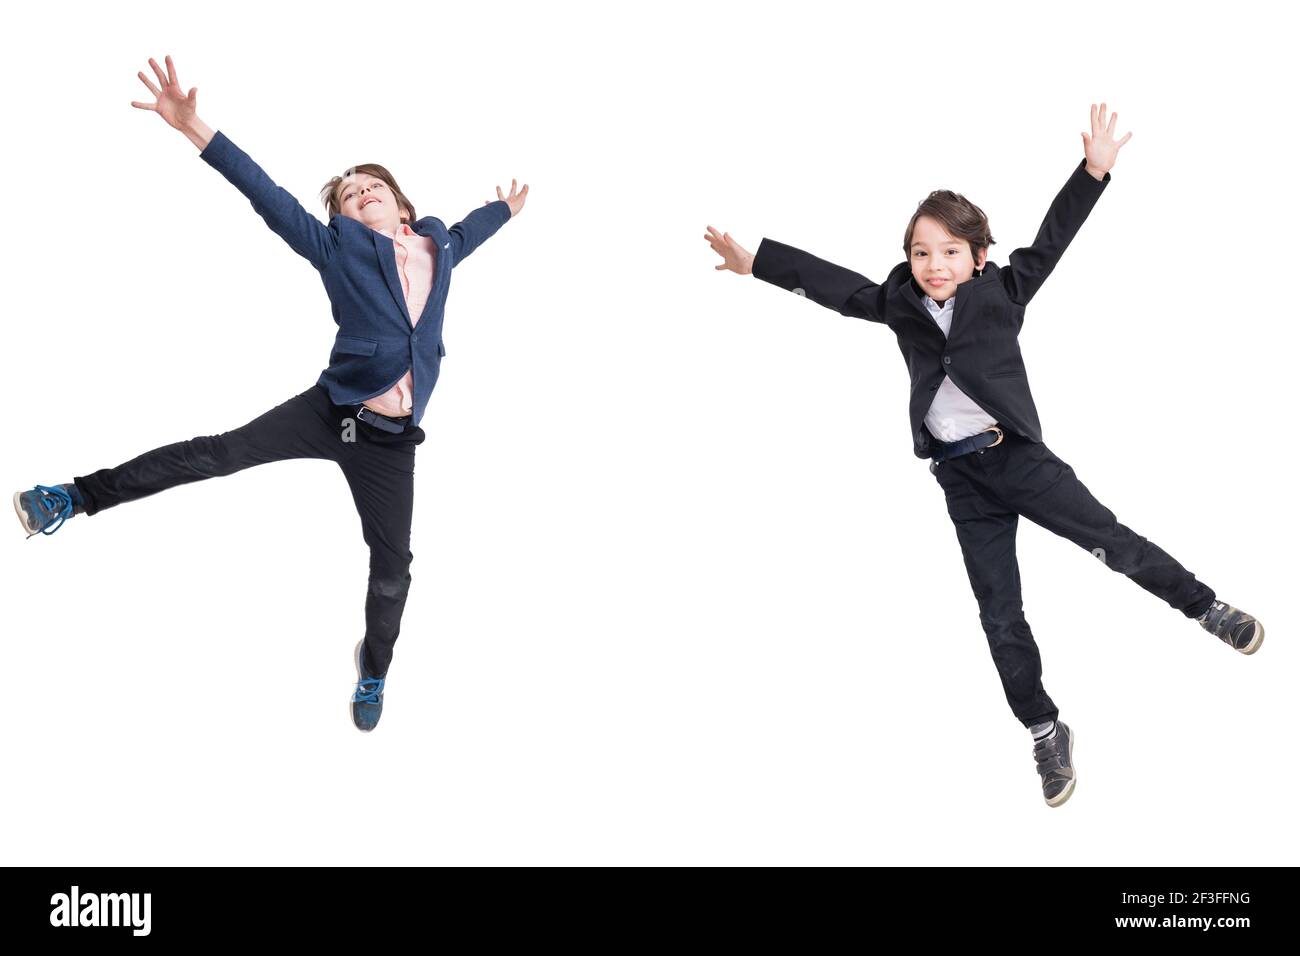 Deux jeunes joies sautant, isolés sur fond blanc Banque D'Images
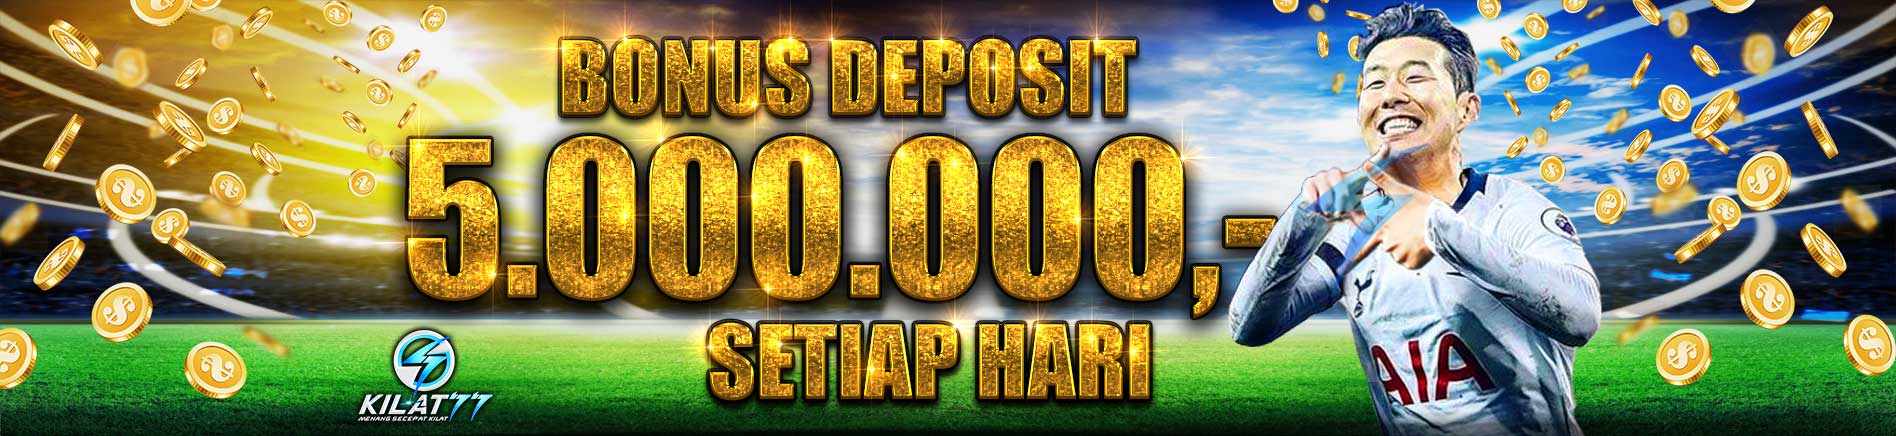 Bonus Deposit 5.000.000,- Setiap Hari
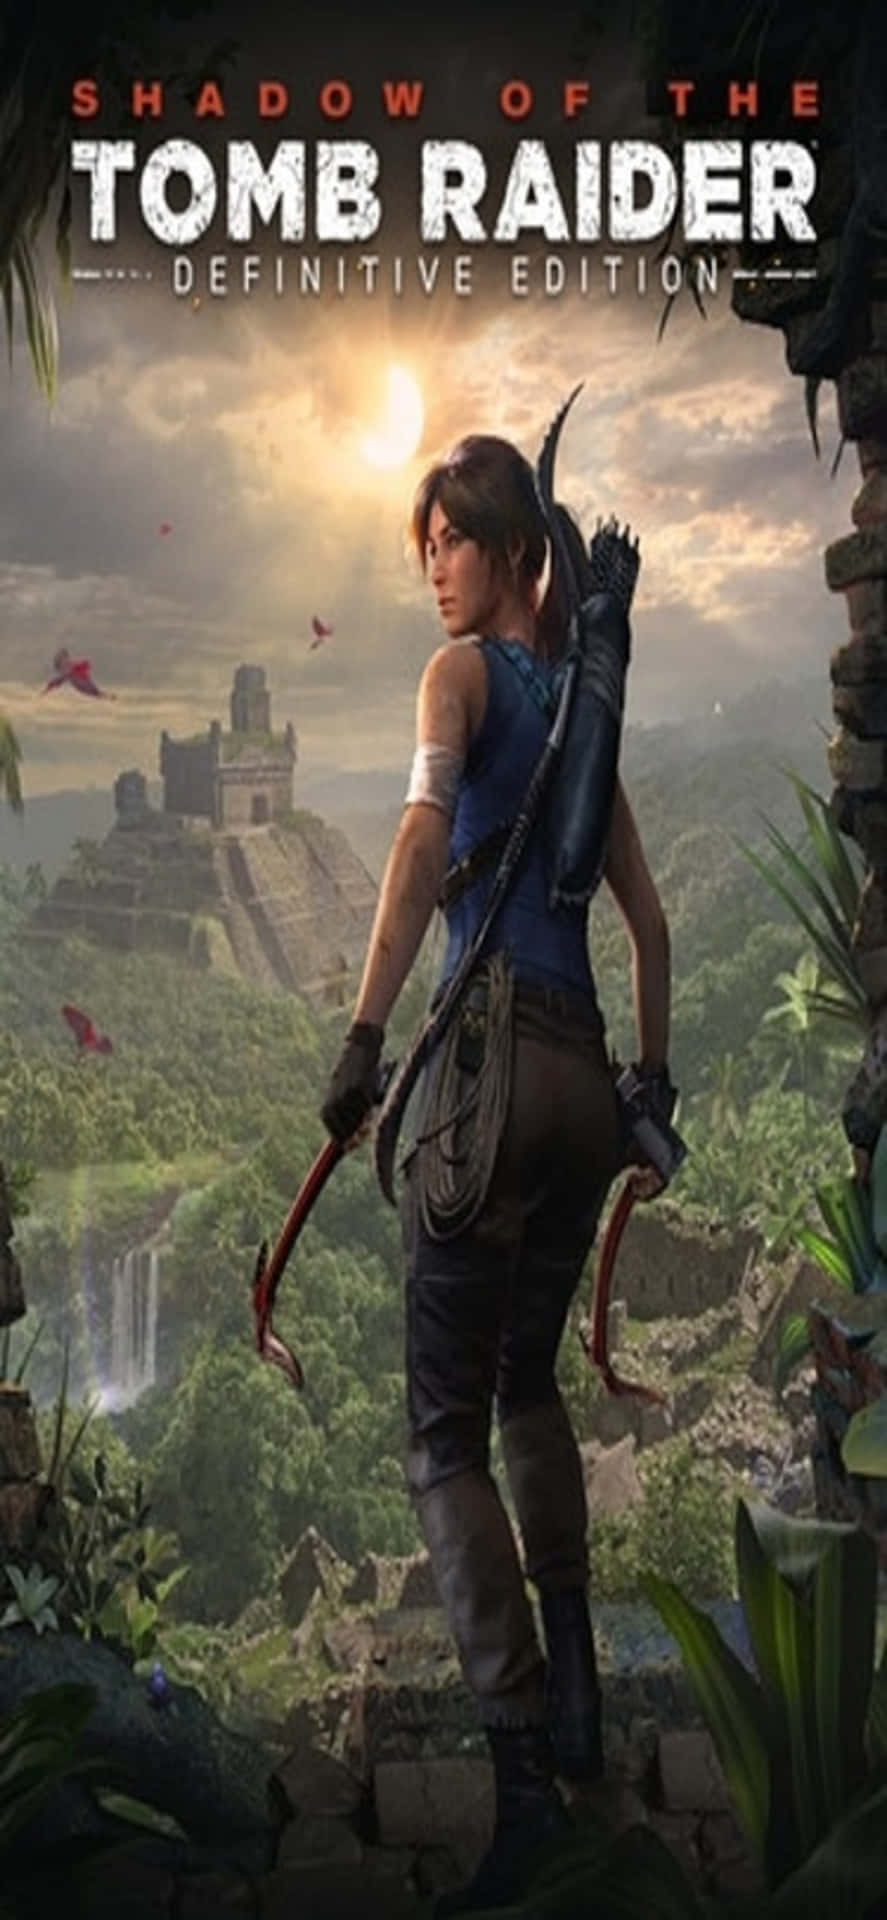 Descubrelos Misterios Del Mundo Con Shadow Of The Tomb Raider Para Iphone X

──────────

● The problem:
From the first line to the last, write out the data above exactly. Omit the pictures.

● Solution to this problem:
 Deux jeunes joies sautant, isolés sur fond blanc Banque D'Images
 Bonus Deposit 5.000.000,- Setiap Hari
 Descubrelos Misterios Del Mundo Con Shadow Of The Tomb Raider Para Iphone X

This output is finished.